Não que o uso de todos esses recursos tornem um espetáculo ruim, pelo simples fato de seu conjunto variado de unidades, existirem por si só. O mesmo valendo também ao contrário, não é porque há uma opção estético-cênica de simplicidade, ou essencialidade, que o espetáculo será bom! Porém, é sempre muito bom quando tudo isso se encaixa, e podemos assistir a um trabalho aparentemente simples, que tem uma boa história para contar por Zappa, um único figurino, e uma mala na concepção da direção de arte de Maria Estephania, e na pontual e localizadora iluminação de Luís Paulo Neném.
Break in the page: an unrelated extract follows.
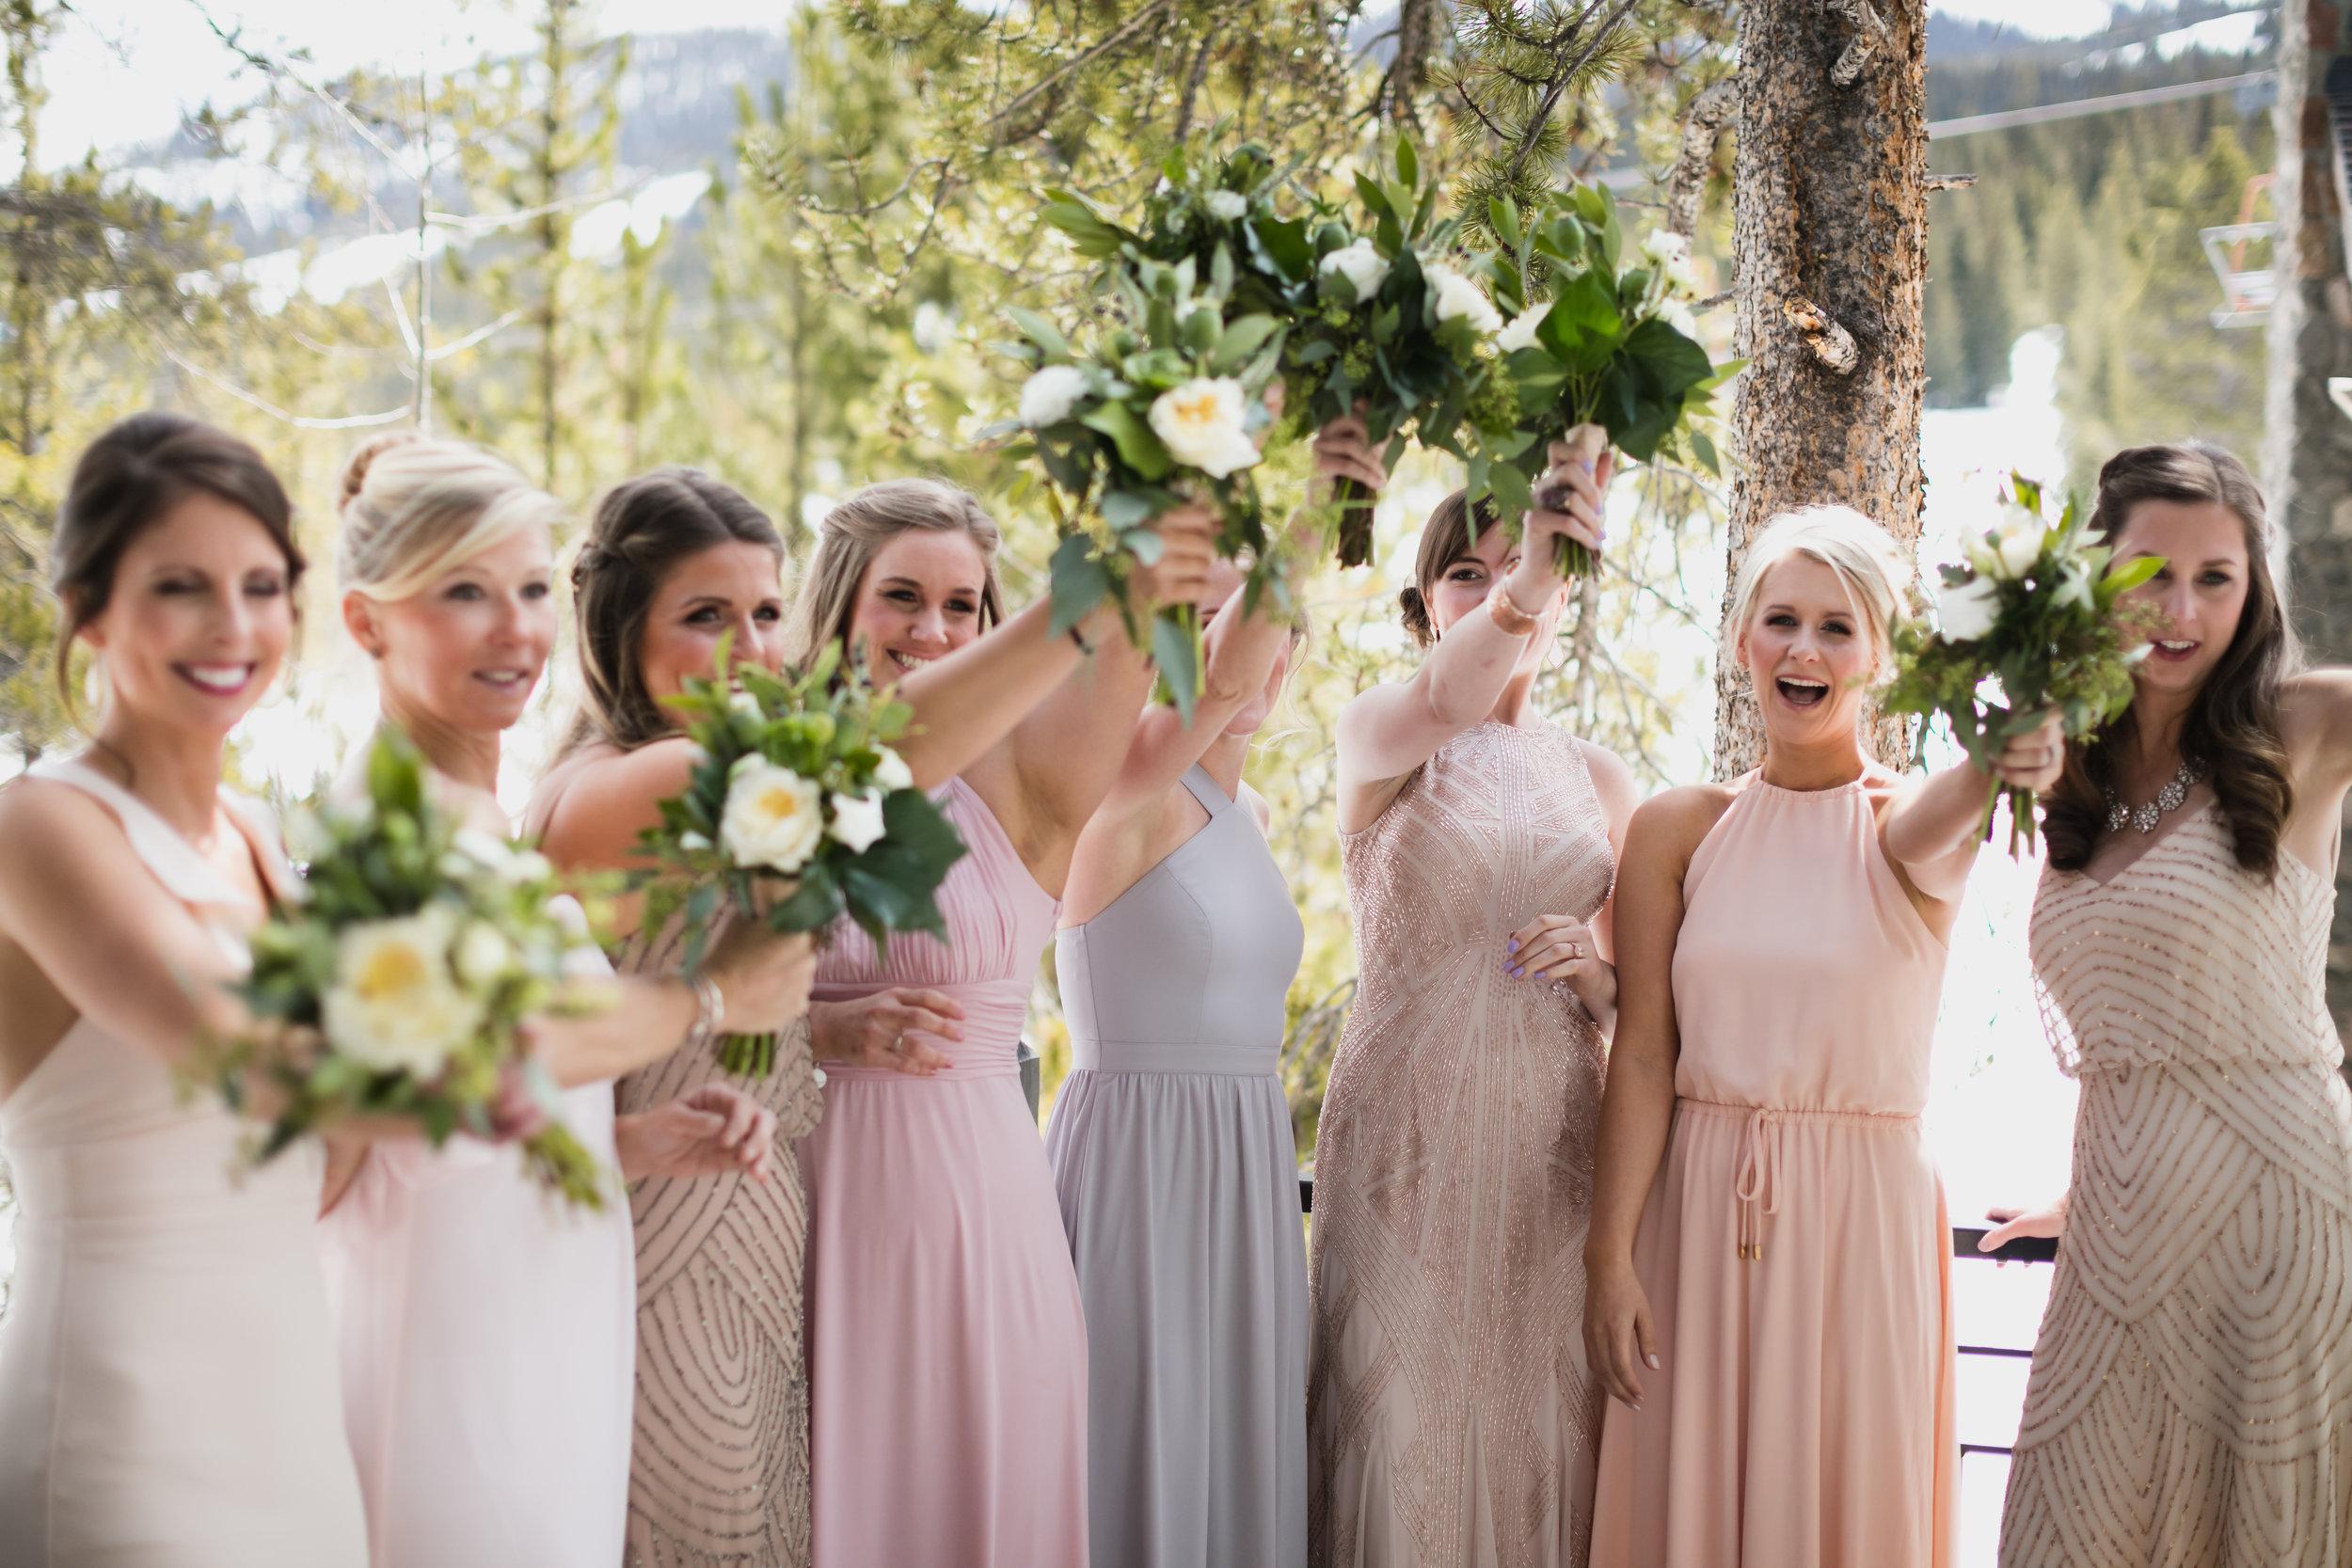 vild-photography-photographer-colorado-intimate-wedding-adventure-Stephanie- Adam-159.jpg

É assim que é Aqueles que deixam Omelas, que nos apresenta um encontro do espectador com o narrador da história, um viajante solitário. Desde que deixou Omelas, ele percorre o mundo contando a história desse lugar de nome exótico, desconhecido por todos.
O grande trunfo da direção de Maia P, é sem dúvida extrair a sinceridade e a entrega do ator João Pedro Zappa, na construção de cada um dos gestos, impulsos e partituras físicas e emocionais de sua personagem. Ao contrário do que se imagina, não devemos confundir jamais a atuação de Zappa, baseado nos velhos jargões que diriam ele fazer: “uma atuação com naturalidade”, ou “nem parece que está interpretando”.
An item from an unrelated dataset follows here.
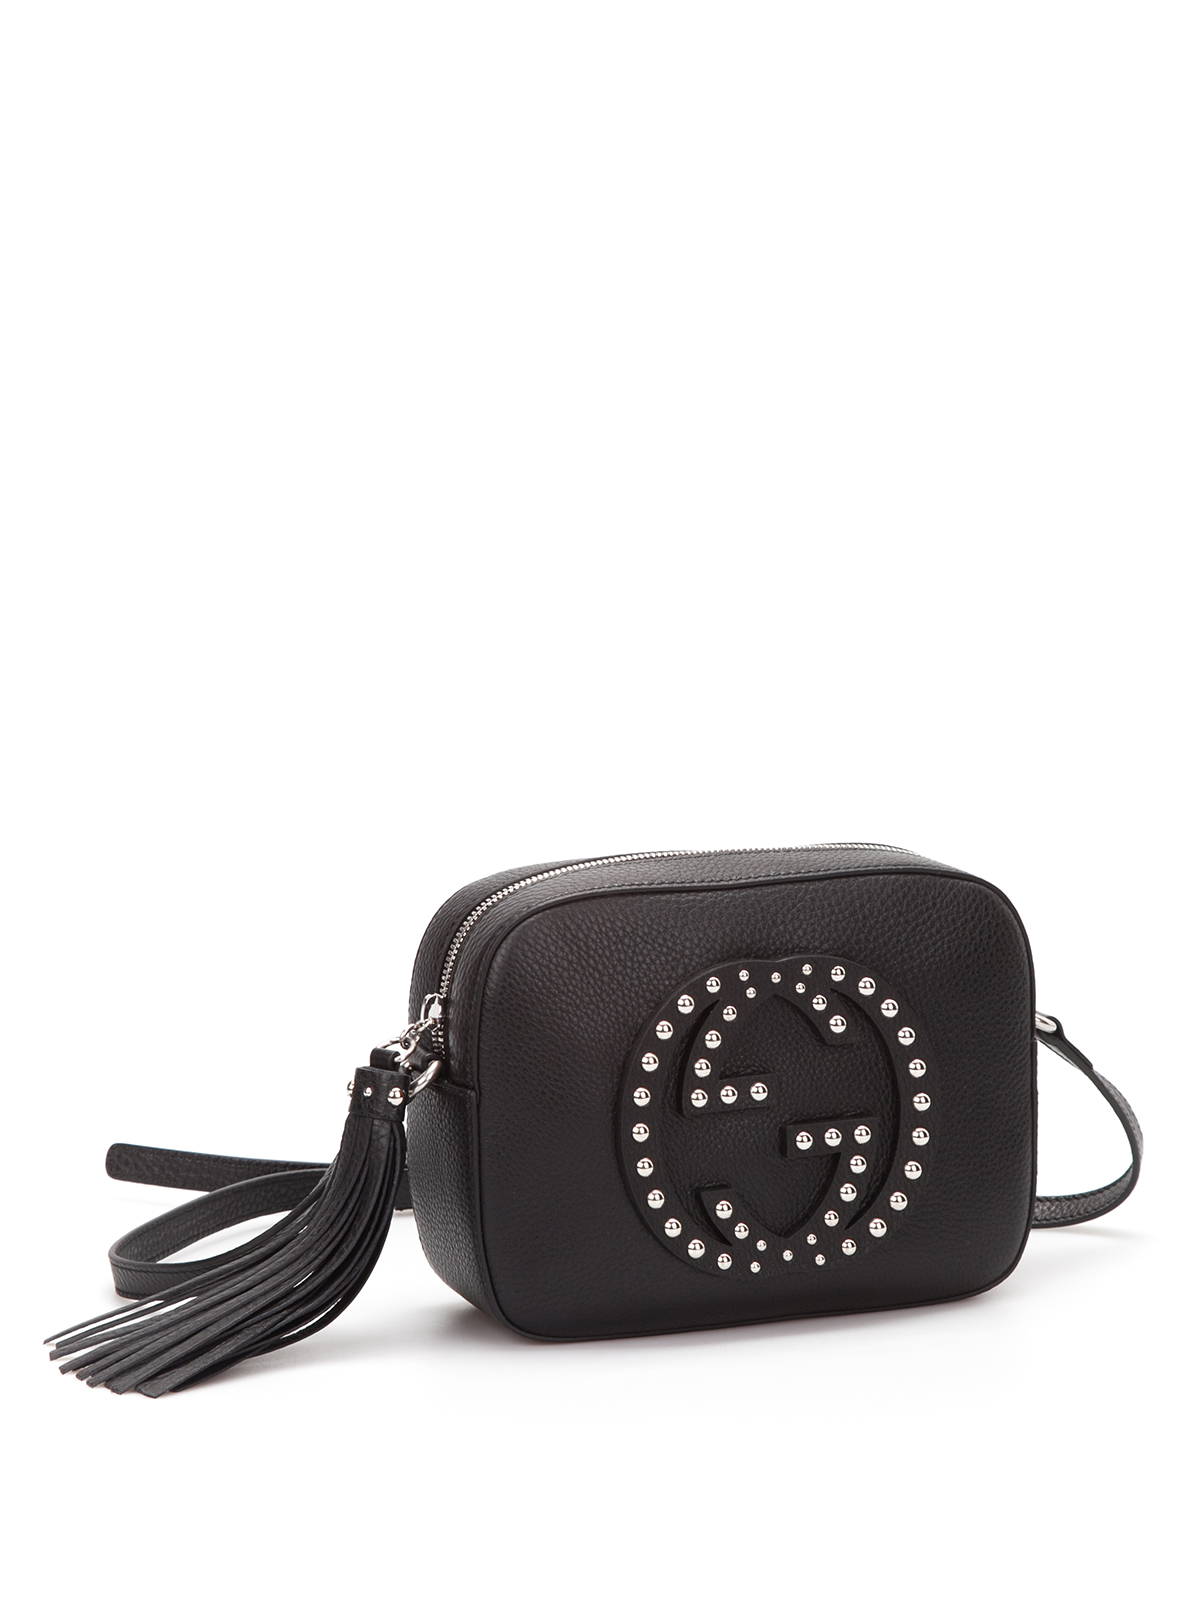 b49775bffbf Gucci - Soho studded leather disco bag - shoulder bags - 308364 ...

Muito pelo contrário, para se atingir o estágio em que uma interpretação nos pareça natural, significa que é empreendido um grande empenho, e a busca sincera de seu intérprete, na construção de sua composição. Assim, Zappa é um dos jovens atores mais interessantes de sua geração. Todos os projetos em que o vejo participar, sempre me chama a atenção, as suas composições.
Por trás da aparente simplicidade do espetáculo, ele apresenta uma forte potência e uma temática muito pertinente, e reveladora, em tempos tão duros onde uma extrema-direita está a esmagar-nos em todas as partes do mundo, com uma visão falsamente construída de Deus, Pátria, Família e Liberdade; e que se puxar uma linha sai um novelo inteiro de sujeira e podridão. Num primeiro momento, Omelas parece ser o lugar da utopia: solar, belo, alegre, livre. Mas, na verdade, ele esconde um segredo, uma feiura e tragédia quase distópicas. Ao revelar esse segredo, a sombra de Omelas aparece, tornando aquele lugar familiar a todos.
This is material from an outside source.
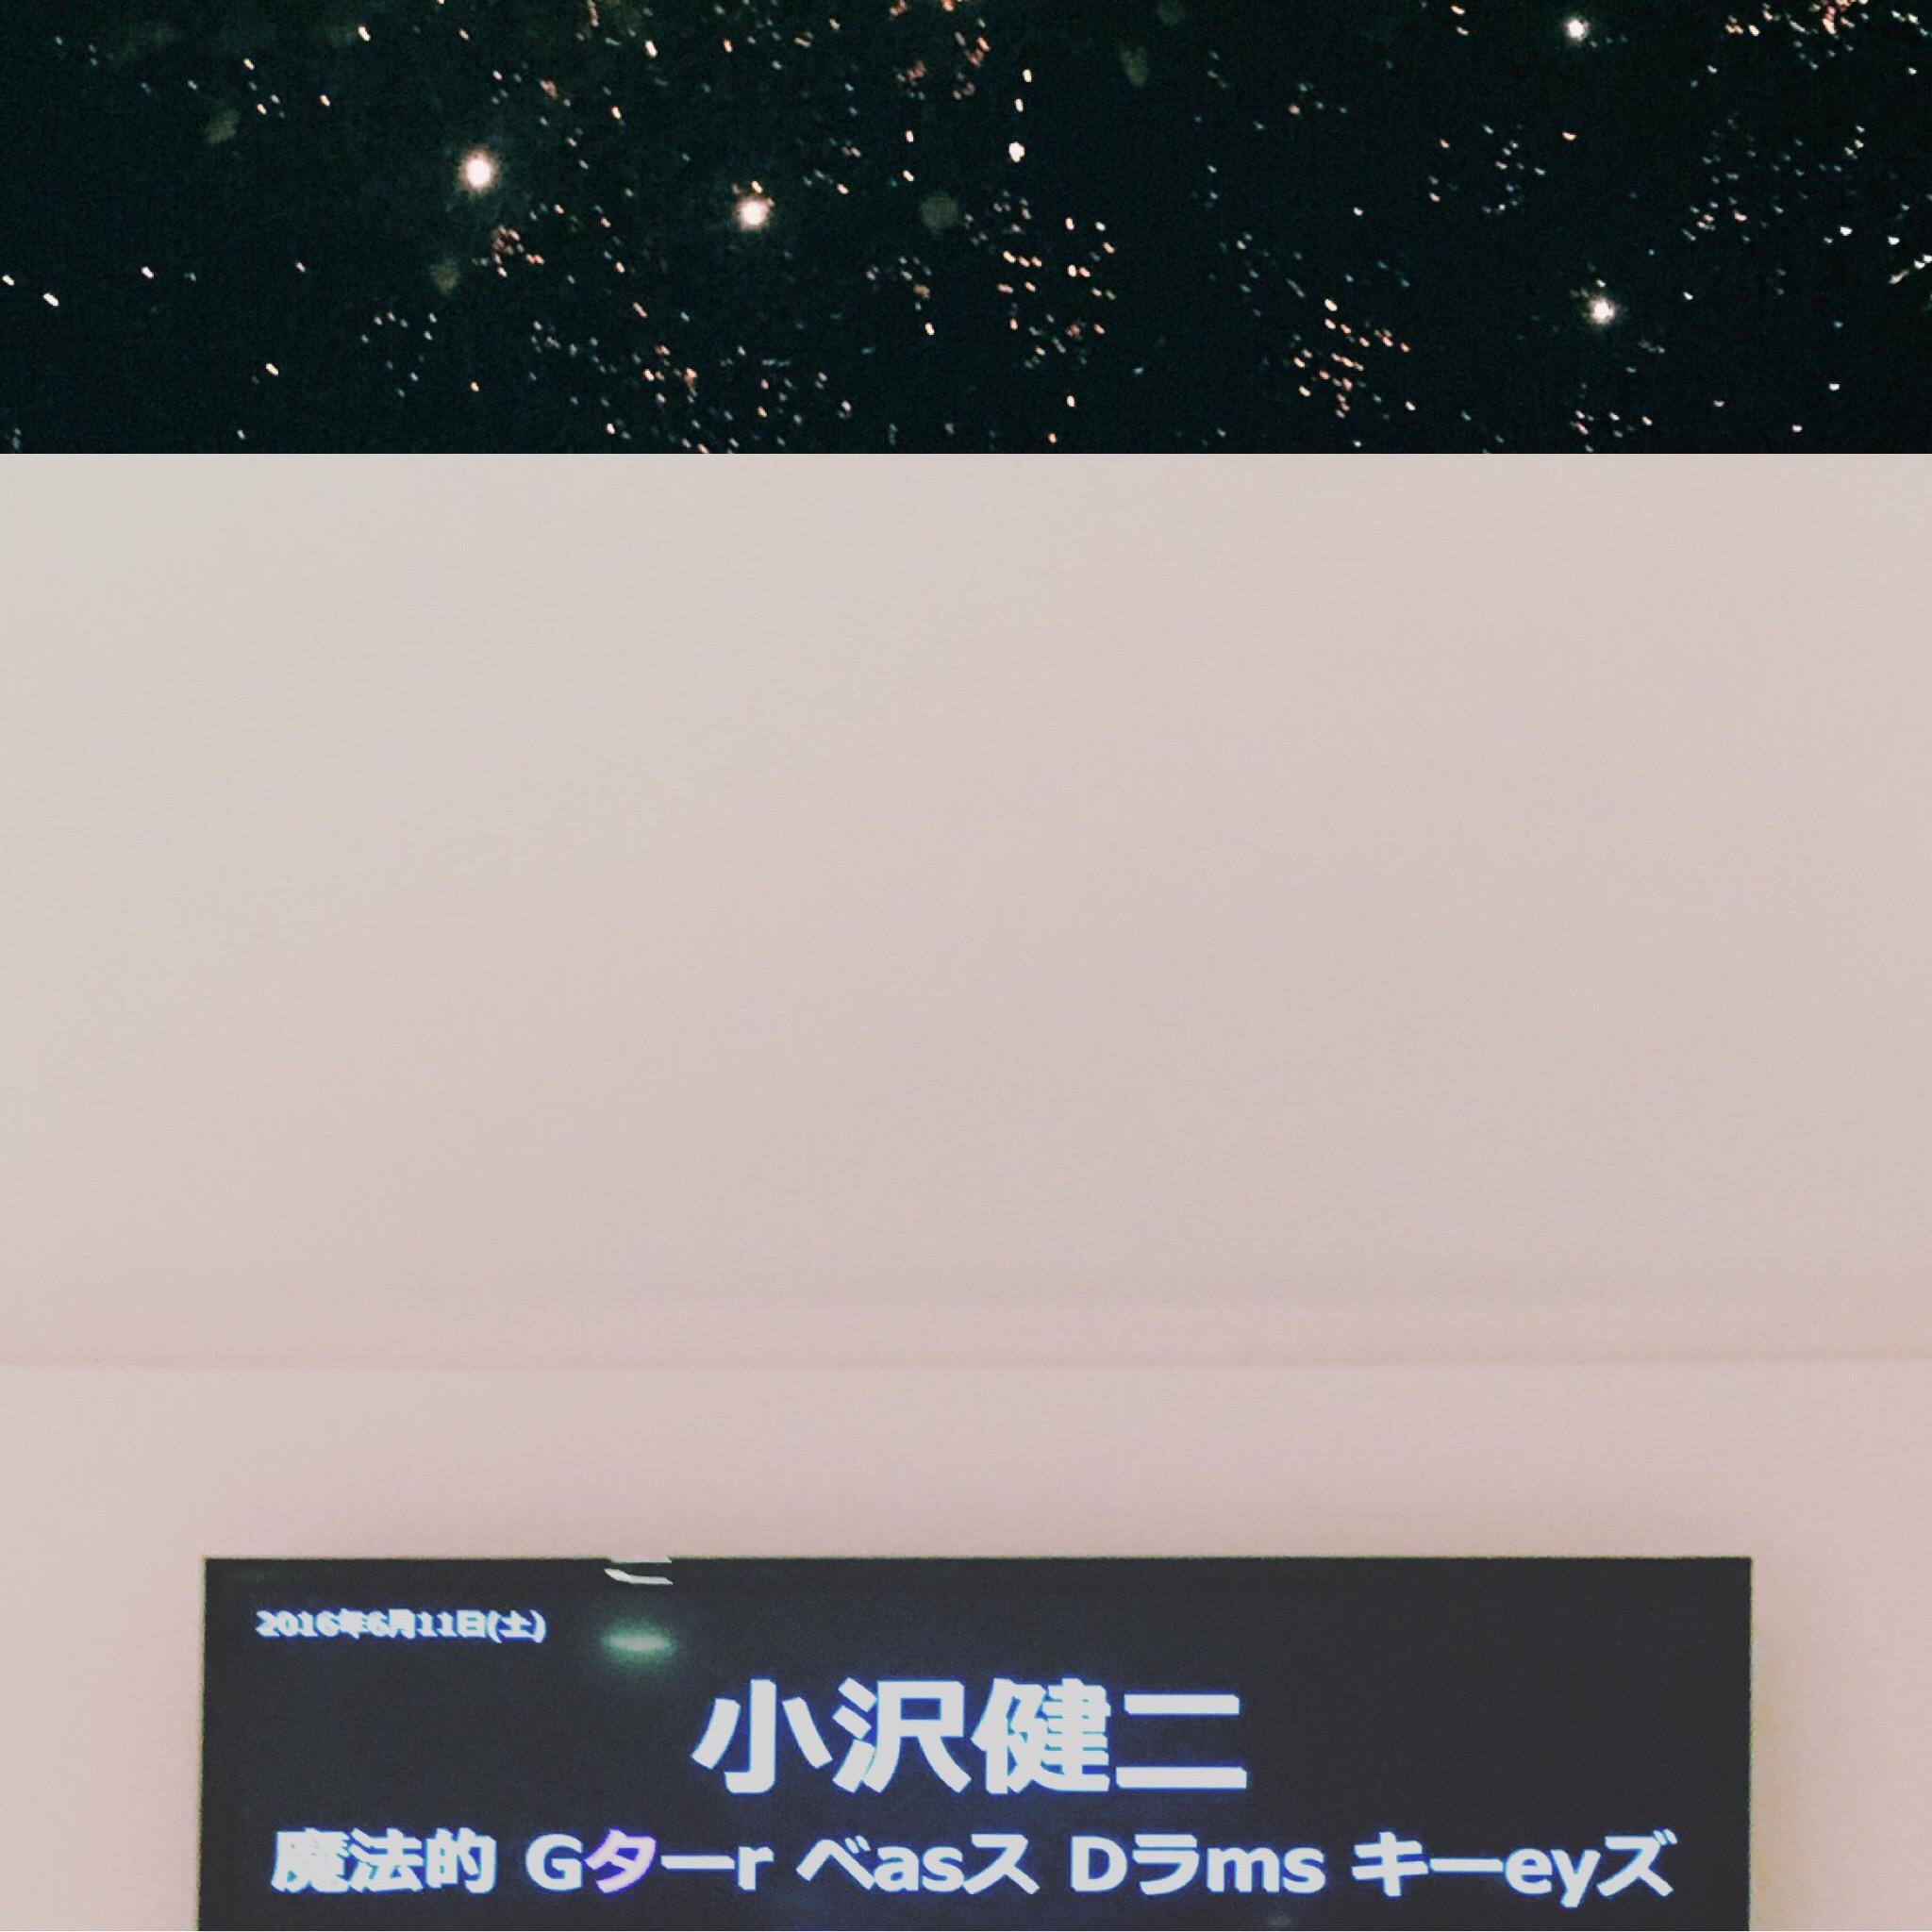 kenjiozawa live

Omelas é justamente uma metáfora de nossa sociedade atual, onde estamos repletos de pessoas que se multiplicam em redes sociais escrevendo ou opinando sobre todo e qualquer assunto, sem que muitas das vezes sequer apresentem qualquer credencial para discorrer sobre os temas propostos; assim como a extrema-direita que vive em construir narrativas, sem saber também nenhum dos princípios básicos para tal. Com isso, em tempos tão estranhos e conturbados, a simplicidade de um ator-contador-rapsodo, ao narrar sua história, ao viajar de localidade à localidade, só ajuda a enriquecer a comunicação, a escuta e a reflexão sobre a nossa sociedade e as verdadeiras percepções de mundo. Assista ao espetáculo, ouça as narrações, e nos diga então: “E você acredita nisso?” “Acredita agora?”